Mas a eleição de Bolsonaro e a entrada da nova direita no Congresso em 2018 não resultaram em uma simples substituição do PSDB no polo direito do espectro político. Mero agitador, Bolsonaro nunca foi líder de coisa nenhuma, por falta de desejo ou inépcia política e intelectual. A institucionalização do bolsonarismo era até  contraditória com seu populismo de retórica antissistêmica. Talvez por isso, não conseguiu sequer criar um partido pessoal.

Por isso, a disputa ora aberta por sua declaração de inelegibilidade não se dá em torno da “liderança” do campo da direita, que nunca teve propriamente um líder. Trata-se de tentar criar uma liderança efetiva em torno da expectativa de poder em 2026, limitando-se o bolsonarismo à condição de herança eleitoral jacente a ser disputada.

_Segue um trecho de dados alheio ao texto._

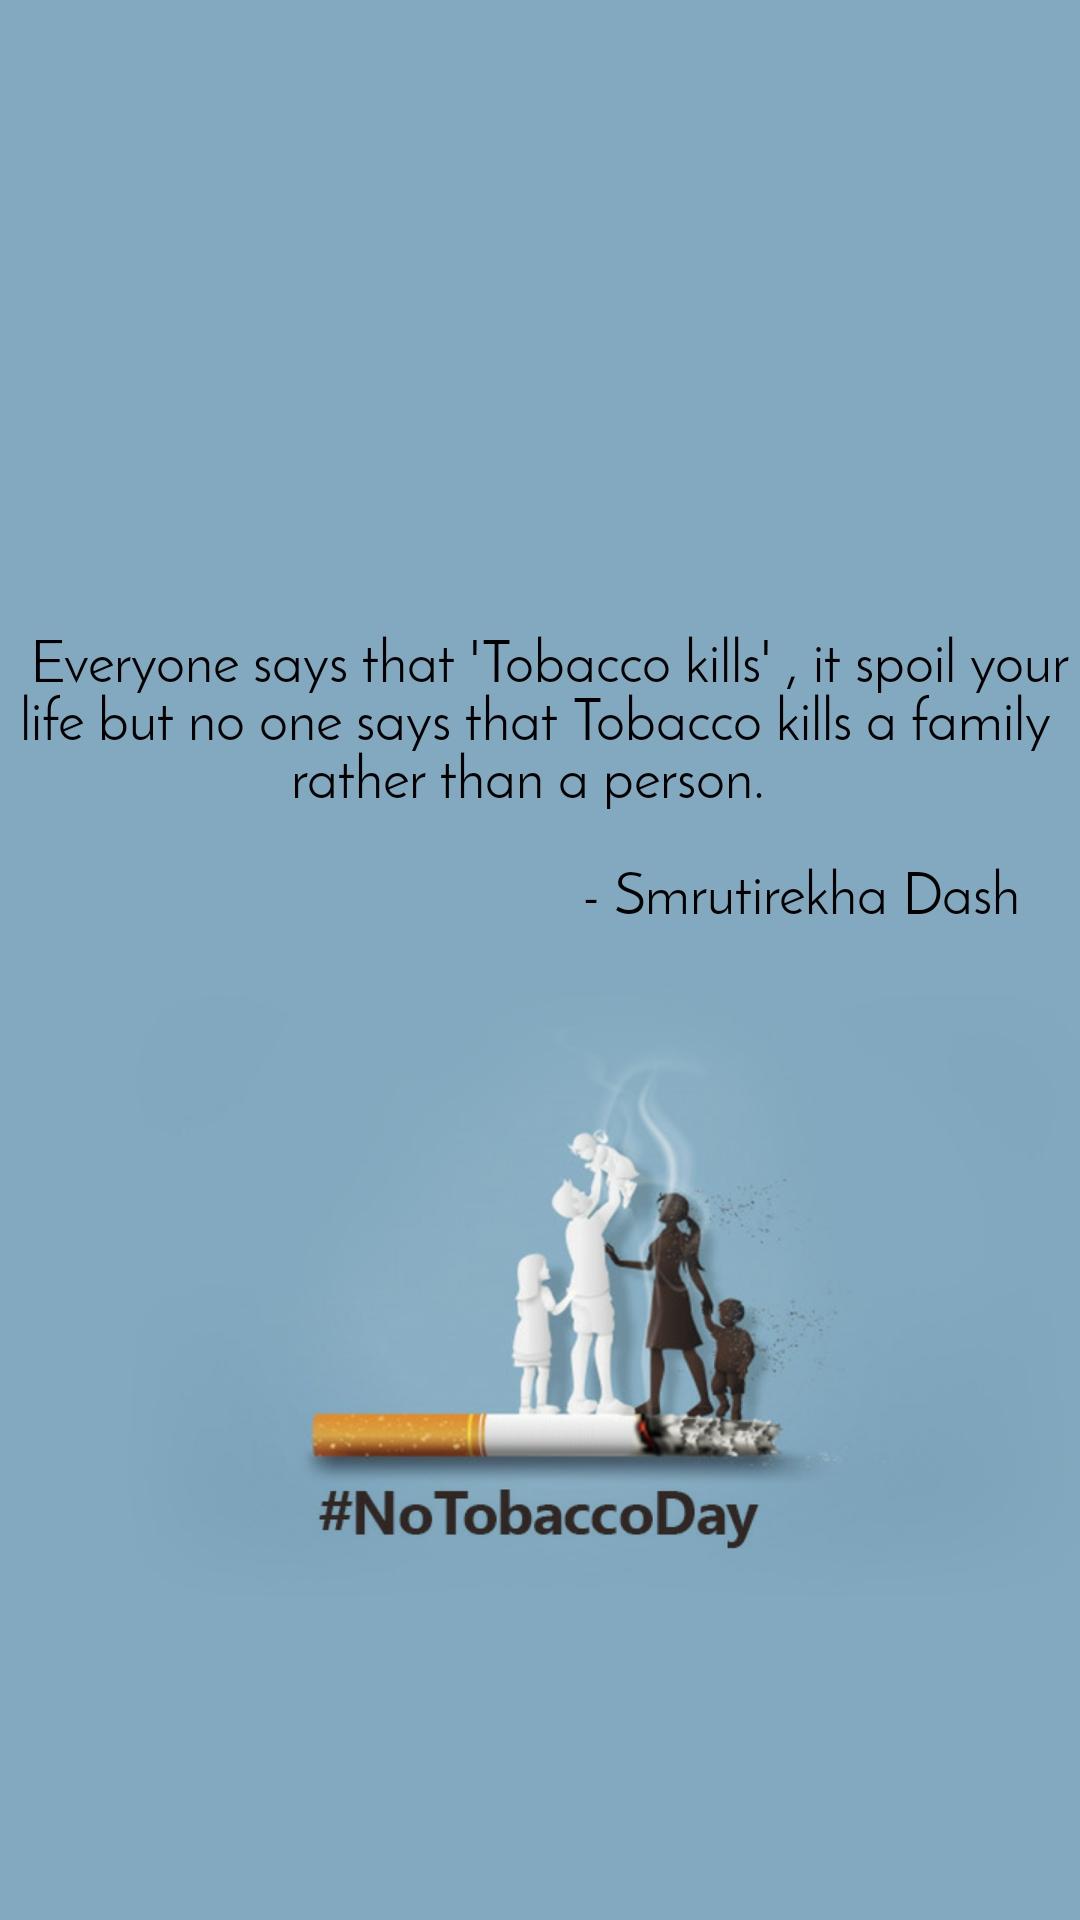 No Tobacco Day    Everyone says that 'Tobacco kills' , it spoil your life but no one says that Tobacco kills a family rather than a person.                                         - Smrutirekha Dash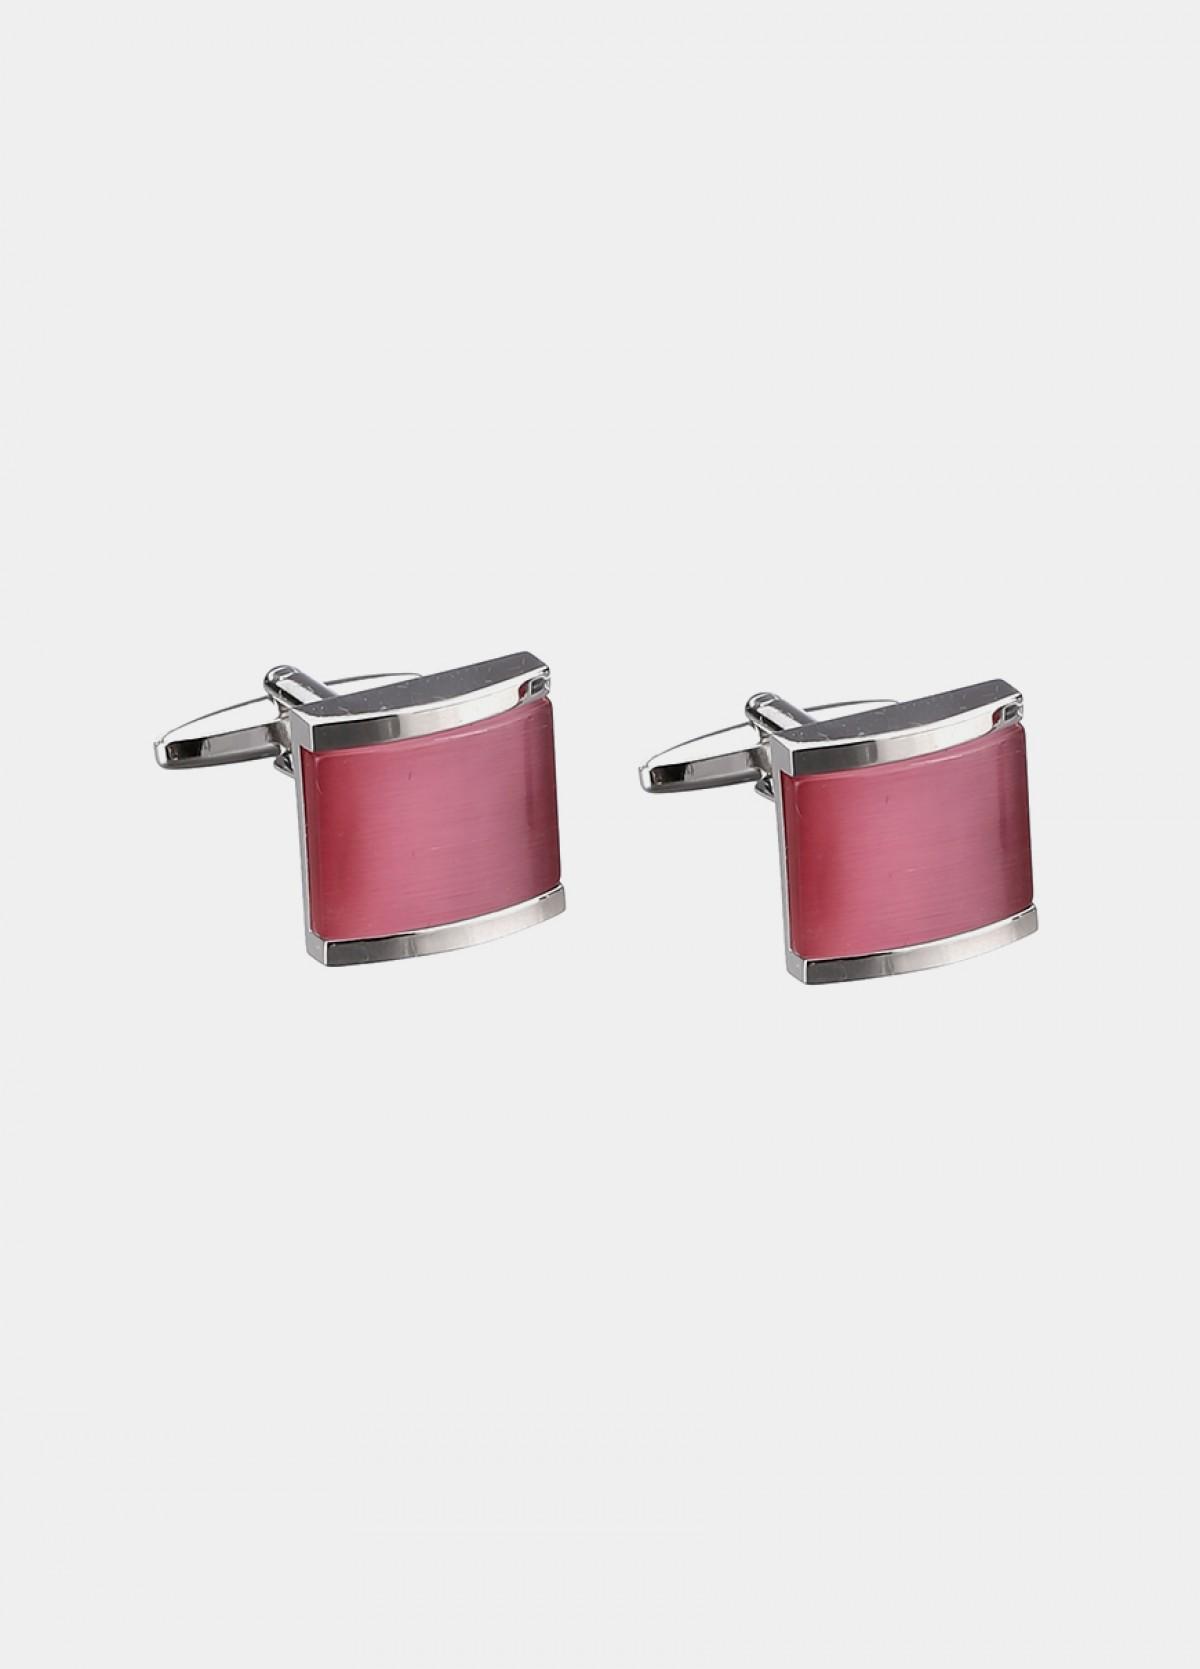 The Nickel Shiny Metal Cufflinks

Outro aspecto relevante é o momento histórico, muito diverso daquele de emergência da nova direita na década passada, marcada pelos escândalos de corrupção, pela instabilidade política da Lava Jato e pela desmoralização institucional, que viabilizou a eleição de um candidato de retórica antissistêmica como Bolsonaro. Esse momento foi consumido e exaurido durante seu próprio governo. Sua derrota decorreu justamente por não ter compreendido que lhe competia tão somente “normalizar” a chegada da direita, e não esticar a corda de um extremismo minoritário.

O momento atual é de reestruturação do sistema político em torno de um novo polo à direita, de modo a reestabilizá-lo em torno de alguma fórmula institucional. Esse esforço de reestruturação ou “normalização” vêm de dois lados. Em primeiro lugar, dos esforços de Lula por restabelecer o antigo presidencialismo de coalizão, contra as pretensões do Centrão, que governou com Bolsonaro, a seguir no poder por meio de um parlamentarismo bastardo. Em segundo lugar, do trabalho coordenado dos tribunais superiores por elevar o custo do extremismo a fim de torná-lo o mais proibitivo possível.

A própria direita não parece interessada em replicar o populismo bolsonarista. A condução caótica dos negócios públicos por Bolsonaro só agradava a parte conservadora da classe política, na medida em que lhe permitia na prática dirigir o governo acéfalo. A palavra de ordem parece ser antes moderação do que exaltação. Ninguém quer outro Bolsonaro na presidência da República – nem o chefe do partido que se pretende direita puro sangue, Valdemar da Costa Neto. Em seu infinito pragmatismo, tudo o que o dono do PL quer dos bolsonaristas são os votos e o dinheiro do fundo eleitoral que os acompanha.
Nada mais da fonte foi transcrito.